Here, I’ll do my best to set the record straight as succinctly as possible:  

  1. Saturated fat is not bad for you. It’s a highly stable, traditional fat that’s critical for making hormones, building healthy cell membranes, and maintaining bone health. Because it has no double bonds in its structure, it’s far less likely to become oxidized when cooking, e.g. it won’t promote free radicals in your food.  And most importantly, there is just no evidence that saturated fat leads to heart disease. Truly. This myth is simply the result of some very poor research in the early 1900s, and a lot of financial influence from the sugar industry. In fact, a recent systematic review showed no association between saturated fat intake and all-cause mortality, coronary heart disease (CHD), CHD mortality, ischaemic stroke, type 2 diabetes. Check out these articles by Chris Masterjohn and John Briffa to learn more. 

  2. Vegetable oils are. “Vegetable oils,” aka industrial seed oils, have a creepy history. Until the early 1900s, food was primarily cooked in butter, tallow and lard. Then the soap makers Procter & Gamble discovered they could turn an industrial waste product, cottonseed oil, into a substance that resembled lard, by adding hydrogen. It worked for soap, and they figured it should work well for cooking, too. The world’s first trans fat, Crisco, was born. Canola, soy, corn, and safflower oils followed soon after--the perfect “heart healthy vegetable” alternatives to the animal fat. The problem is, these oils go through some pretty nasty processing on their journey from seeds to grocery store shelves. Extreme heat, chemical solvents, deodorizing agents...all of which turn unstable fats into oxidized, inflammatory, toxic food products. Not surprisingly, as more and more people turned to vegetable oils, inflammatory diseases like CVD began to rise

  3. Healthy fats come from obvious sources. A general rule of thumb: the less processed the fat, the less likely it is to be poison. Trans fats like Crisco and margarine are the most deadly, and thank god they’re finally been banned from the US food system. In contrast, oils from naturally fatty things like olives, coconuts and avocados require minimal processing and pose no threat to human health.

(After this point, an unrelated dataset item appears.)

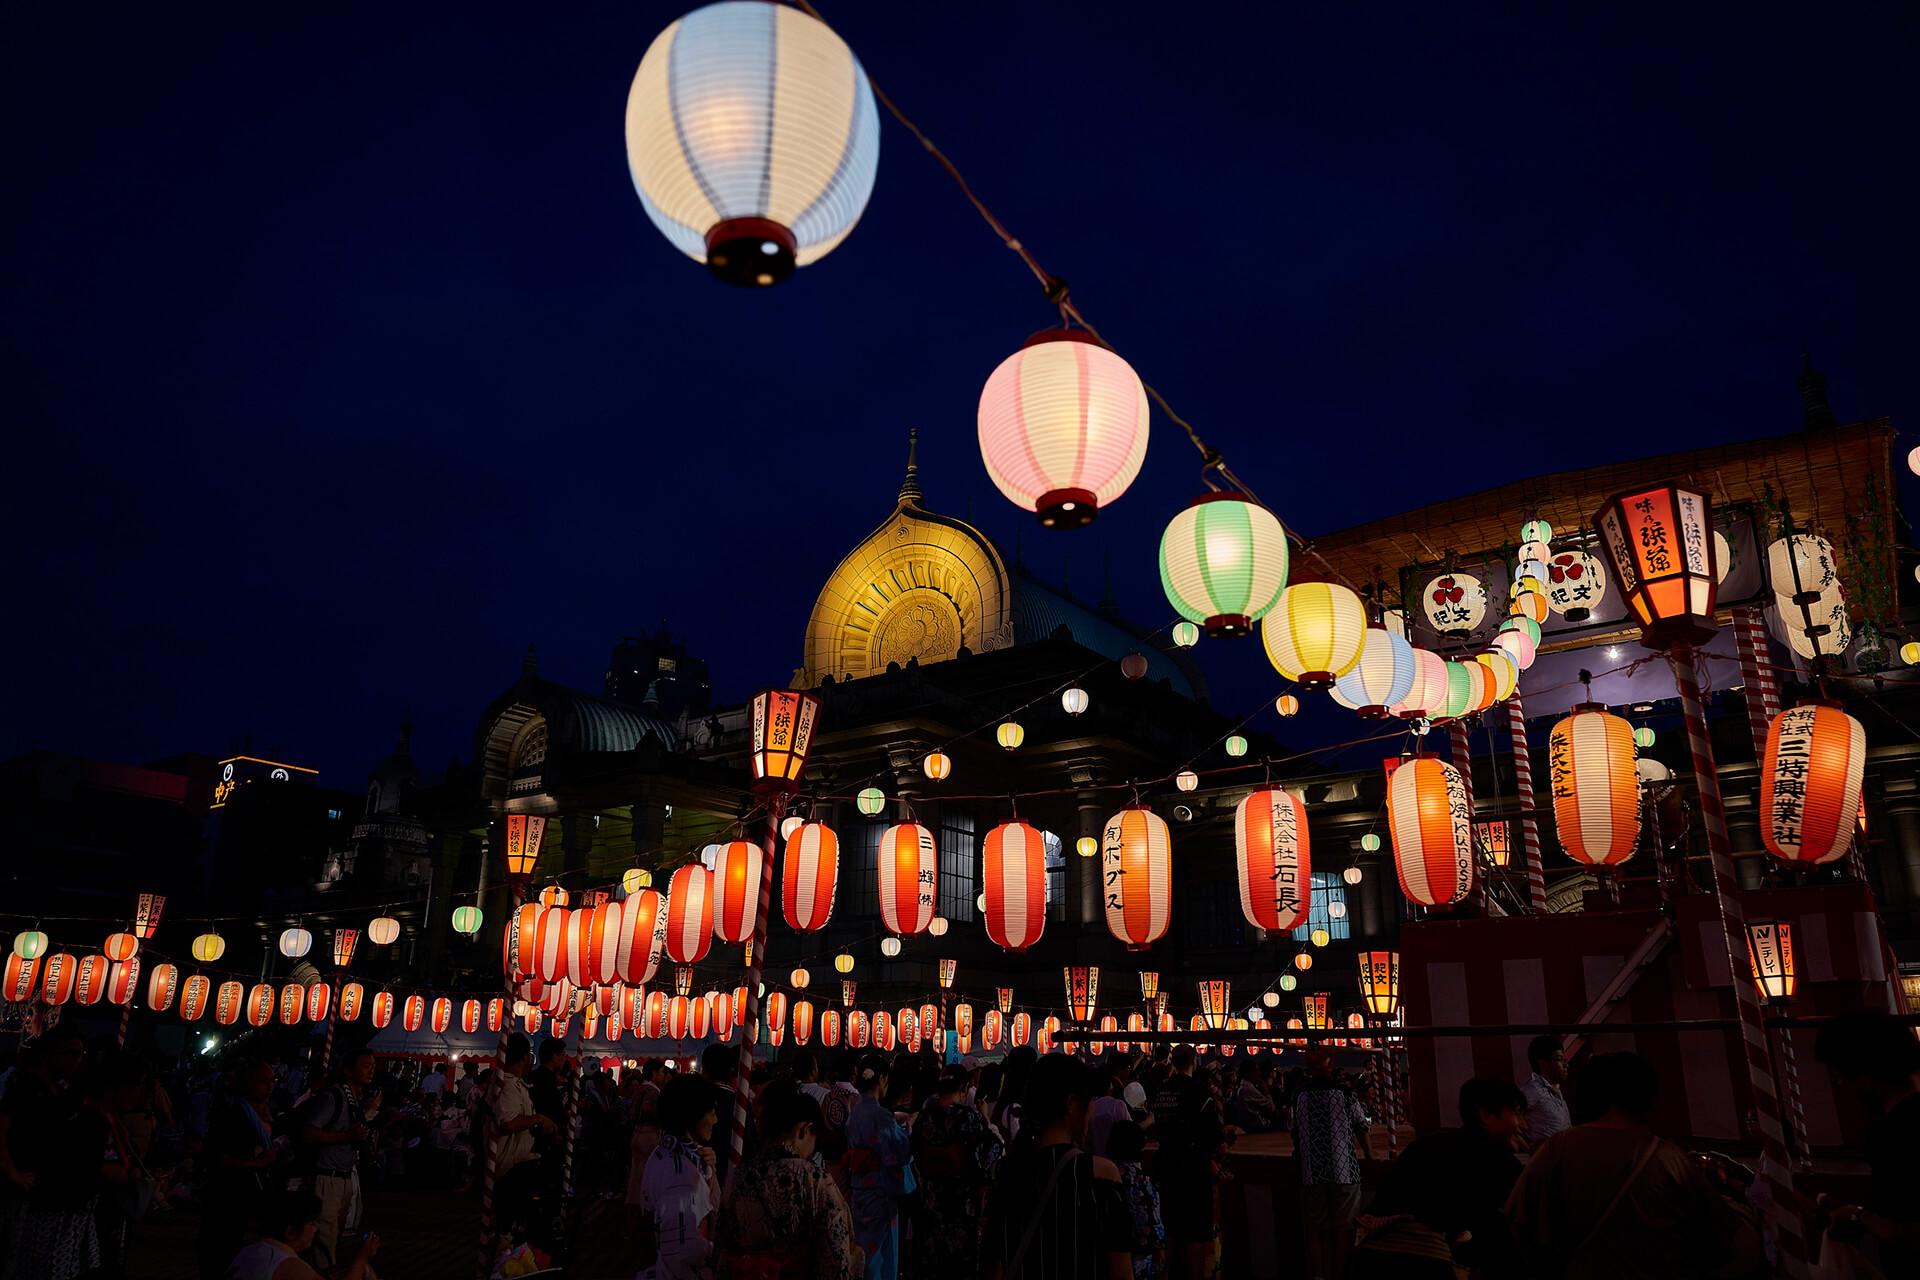 この写真は、築地本願寺『納涼盆踊り大会』のイメージ。提灯が沢山連なっているいる様子です
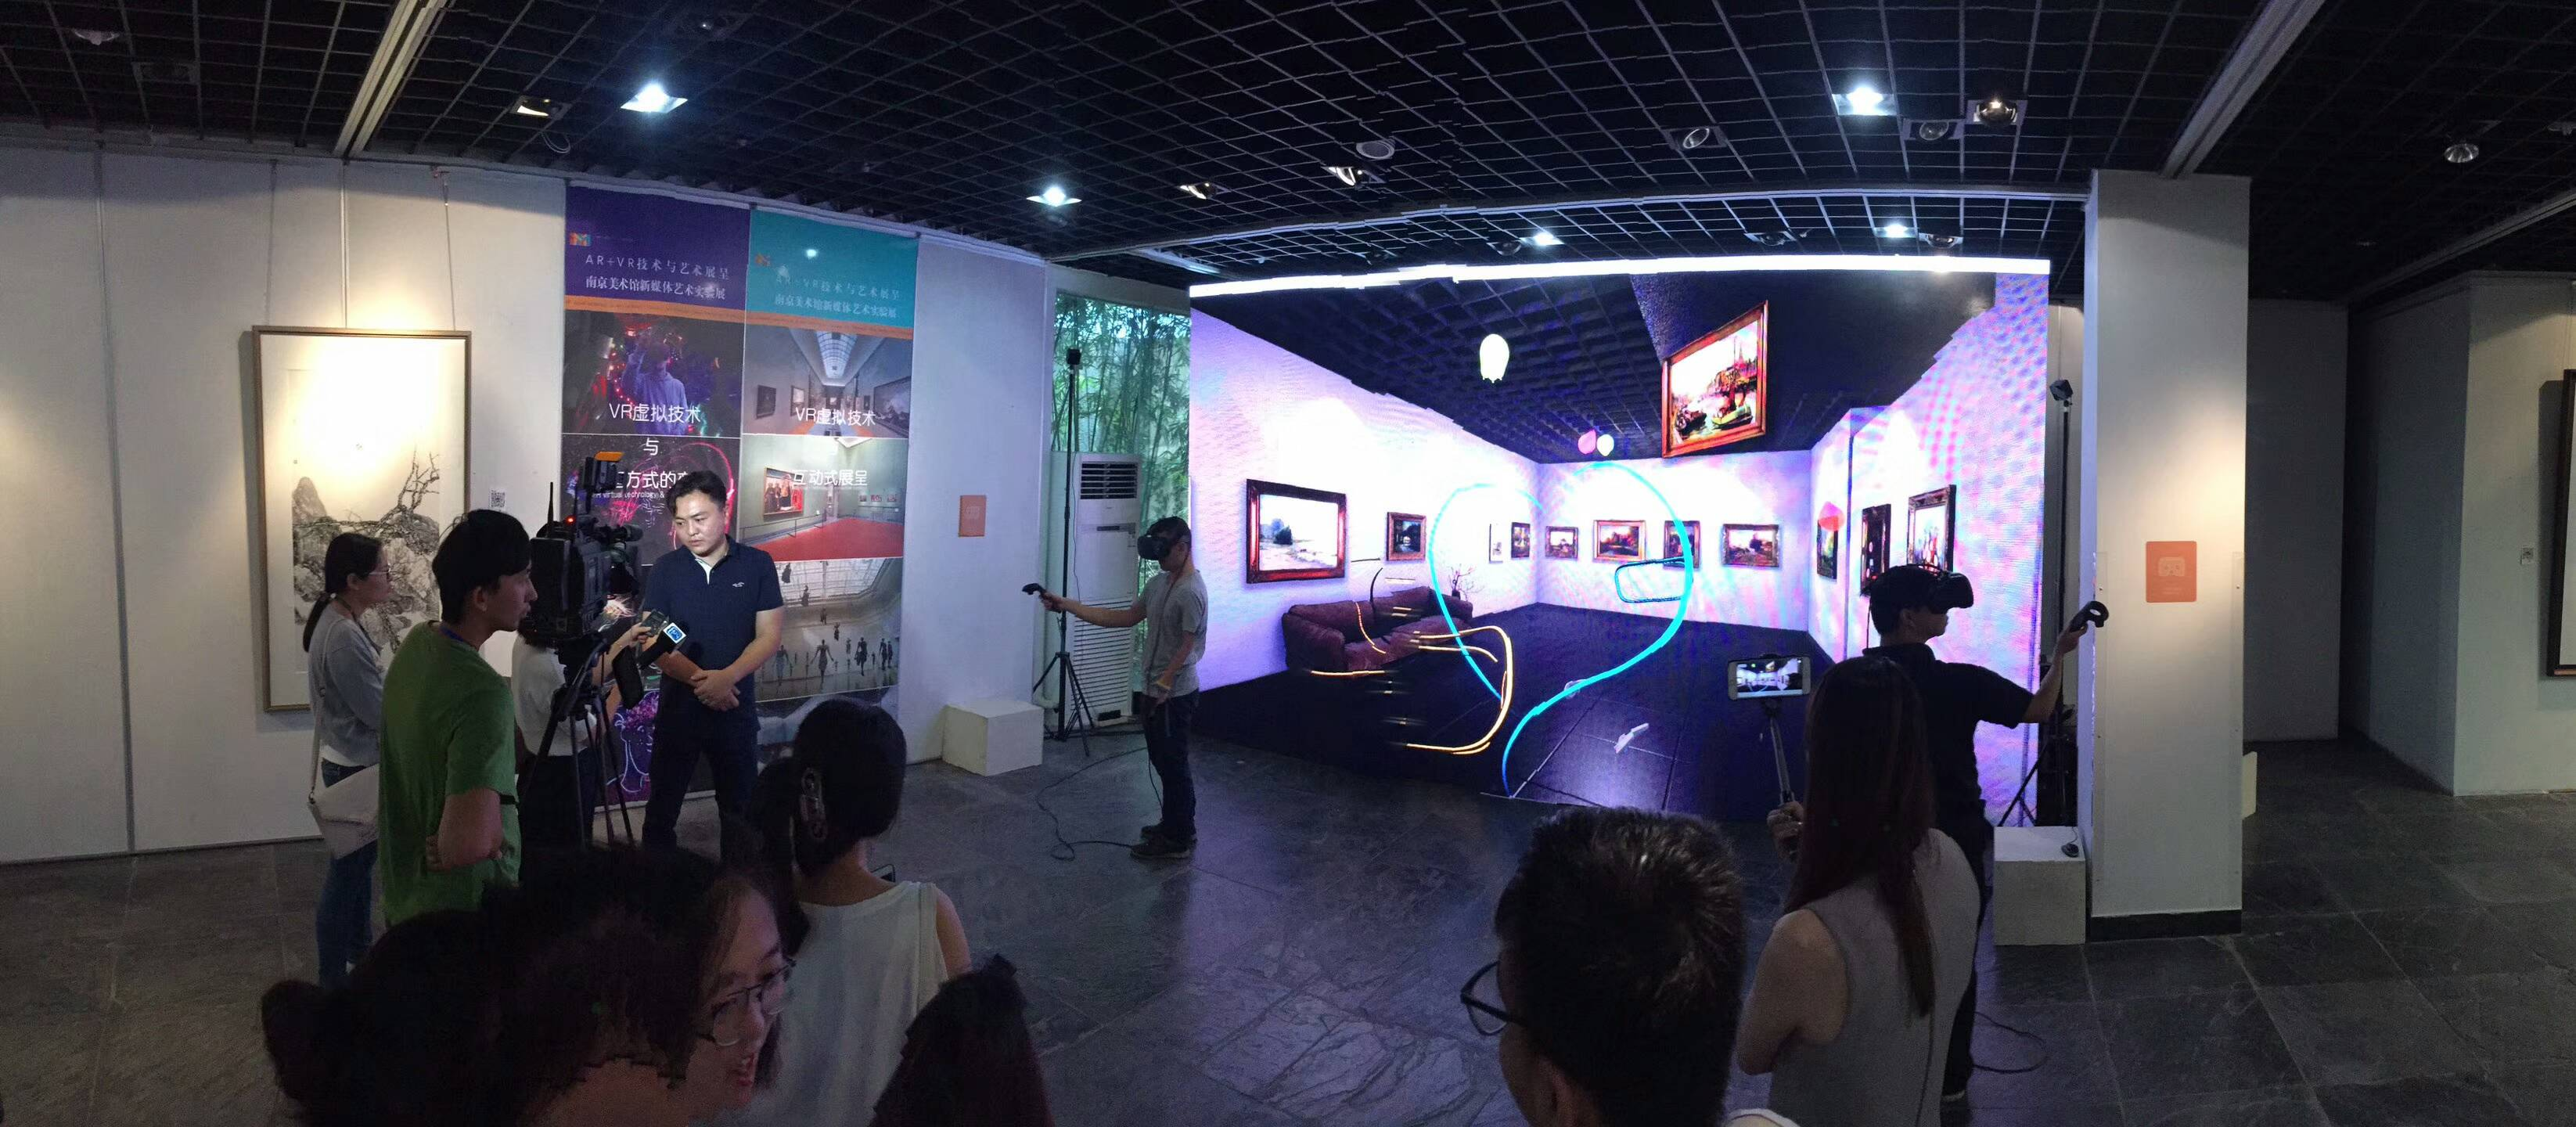 嘿蘑法王亮:用VR给青年艺术家创造更多机会

  4. What you do with the fat matters. A fat’s “stability” refers to its ability to withstand heat and light without oxidizing. Saturated fats like coconut oil, tallow, and ghee are highly stable and great for cooking at high temperatures. Avocado oil (which is mostly monounsaturated, if you’re still wary of saturated fats) has the highest smoke point of all, and it should be your go-to for searing or grilling meat. Extra virgin olive oil, nutritional powerhouse as it may be, is incredibly fragile and should only be used for cold preparations or very light, quick sauteing. Store extra virgin olive oil away from the stove, and only buy it if it’s in a dark colored bottle to protect it from light. 

  5. We need to be eating more omega-3. Omega-3 fatty acids from fish and algae are anti-inflammatory superfoods that will protect you from heart disease, cancer, depression, and metabolic syndrome. This is in direct contrast to omega-6 fatty acids, which are pro-inflammatory and increase your risk of chronic disease. Where do we get omega-6? You guessed it, vegetable oils (and the processed foods that contain them).  Ancestral diets contained an omega-3 to omega-6 ratio of 1:4. Today’s modern diet contains a whopping 1:16 ratio of the good guys vs the bad. Importantly, the omega-3 that comes from plants like chia and flax does not convert well to the specific fatty acids the body needs (DHA & EPA). Opt for fatty fish, fish oil or algae oil to reap the benefits in a meaningful way. 


I hope this clears up some confusion about the fats you should be savoring in your healthy, nourishing diet. If you’re still unclear on any of the above, feel free to shoot me an email and I’ll happily expand on any of the above! 


TLDR: Cook with coconut oil, avocado oil, pasture raised tallow/lard, and grass-fed ghee. Use extra virgin olive oil for cold things. Eat more fatty fish and fewer processed foods.